查看《九州經》小說信息

第四十七章 拓跋冬雷(第2頁,共2頁)

字體:

拓跋憐兒冷著小臉不理他,見他淡定的不說話,自己先忍不住了,小聲道:「怎麼說?」

楚望舒笑道:「不是不跟我說話嗎。」

拓跋憐兒小臉一紅,「快說快說。」

楚望舒當即不糾纏這話題,開門見山:「愚山小狼跟你二哥交情莫逆,他若是得了石頭,你說它最後會不會落在你二哥手上?事後只要付出些代價就好,可以是銀子也可以是人情。或許這正是他們心照不宣的策劃。」

拓跋憐兒恍然大悟,傲嬌的哼一聲:「我早知道了。」

楚望舒笑了笑,這丫頭看來的確很受寵愛,半點沒有與身份相匹配的心機和城府,如果是夾縫裡生存的庶子庶女,早就鍛煉出深厚城府來了。轉頭望向楚浮玉方向,發現她也在看自己,兩人目光交接,楚浮玉嫣然一笑,楚望舒面色淡淡,收回目光。

拓跋冬雷二十二歲,俊朗溫和,氣質不張揚不豪放,很內斂,當得起儒家「溫潤如玉」的說法。
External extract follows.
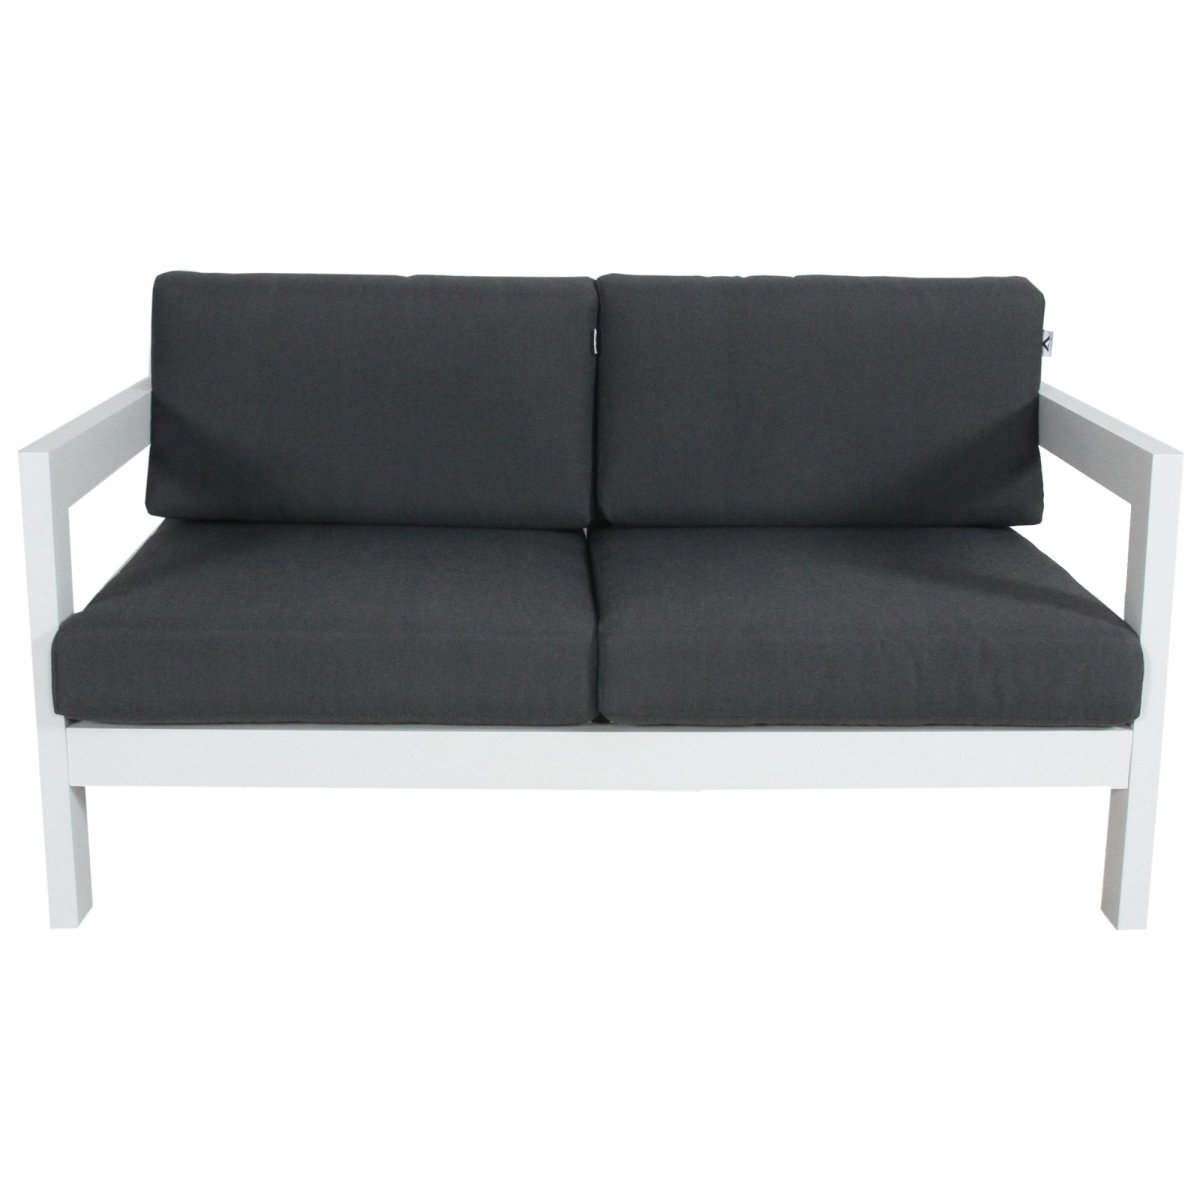 Outie 2 Seater Outdoor Sofa Lounge Aluminium Frame White - Outdoorium
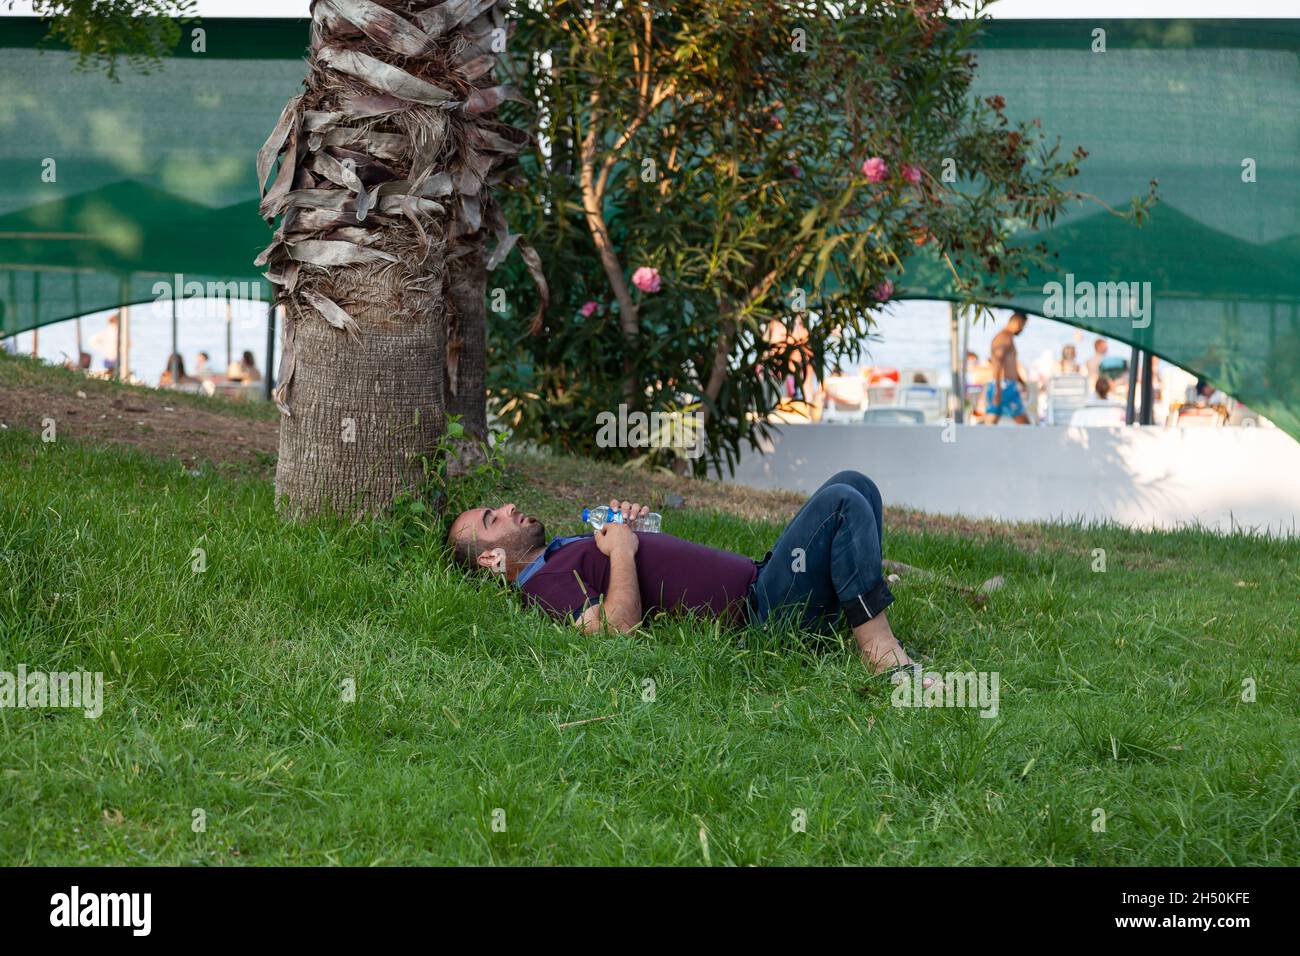 Kemer, Turkey - 08. 25. 2021: A man who fell asleep on a green lawn in the summer sun. A homeless man sleeps on the grass in the park. Stock Photo

十八歲突破練氣境,而今是練氣四重的水準,比楚望樓還要高一層。

「小狼賢弟,十五歲便半隻腳跨入練氣境,最多一年,就能晉升,你大概是我牧野城最年輕的練氣境高手。為兄痴長你幾歲,咱們若是同齡,恐怕我都不是你對手。」拓跋冬雷溫和笑道。

愚山小狼桀驁跋扈,意氣飛揚,他也確實有這個資格,抱拳道:「還請拓跋大哥手下留情。」

拓跋冬雷點點頭,說了句小心,身影一動,瞬息間逼近愚山小狼三丈處,大袖揮舞,一股淡青色氣勁席捲而出。

一齣手,就是練氣境的真氣外放。

愚山小狼不敢硬抗,脊椎一縮一彈之間,催動身體躍開,方才立足的腳下炸開土塊,出現一道深坑。他身體還沒站穩,重心一蕩,硬生生調整姿勢,朝拓跋冬雷衝去,不給他第二次發力的機會。

練體境和練氣境交手,唯一的辦法就是貼身短打,靠武技和力量取勝,勝算依然很小,畢竟練氣境也是練體巔峰過來的,但總比站在遠處當活靶子要好。

拓跋冬雷嘴角哂笑,看穿愚山小狼的心思,面對他一躍而起,氣勢磅礴的一拳,不躲不閃,輕輕抬起手掌,淡青色的真氣繞臂衝出,這招家傳掌法,比起當日拓跋春竹施展起來,不可同日而語,如果當日是對上拓跋冬雷,楚望舒沒有半點勝算。不過他現在也不可同日而語,無垢道體第二重巔峰,肉身可以媲美練氣大成。

「砰!」

黑暗中光焰一閃,愚山小狼斷線風箏似的飛出去,鮮血狂噴,噗通一聲砸入湖中。

十幾息的時間,勝負立分,愚山小狼高看了自己,小覷了拓跋冬雷。

拓跋憐兒撇撇嘴,外行看熱鬧,遠遠沒有前幾戰精彩紛呈你來我往。

愚山小狼狼狽的從湖裡爬上來,手臂折斷,嘴角鮮血隨著湖水流淌。

管家讓僕人送上一件大氅,遞給他一粒九光丹。

拓跋冬雷沒受傷,也沒啥大消耗,管家示意要不要來一枚回氣丹,他擺擺手拒絕。看似雲淡風輕,實則驕傲至極的作風,讓楚望舒嗤笑。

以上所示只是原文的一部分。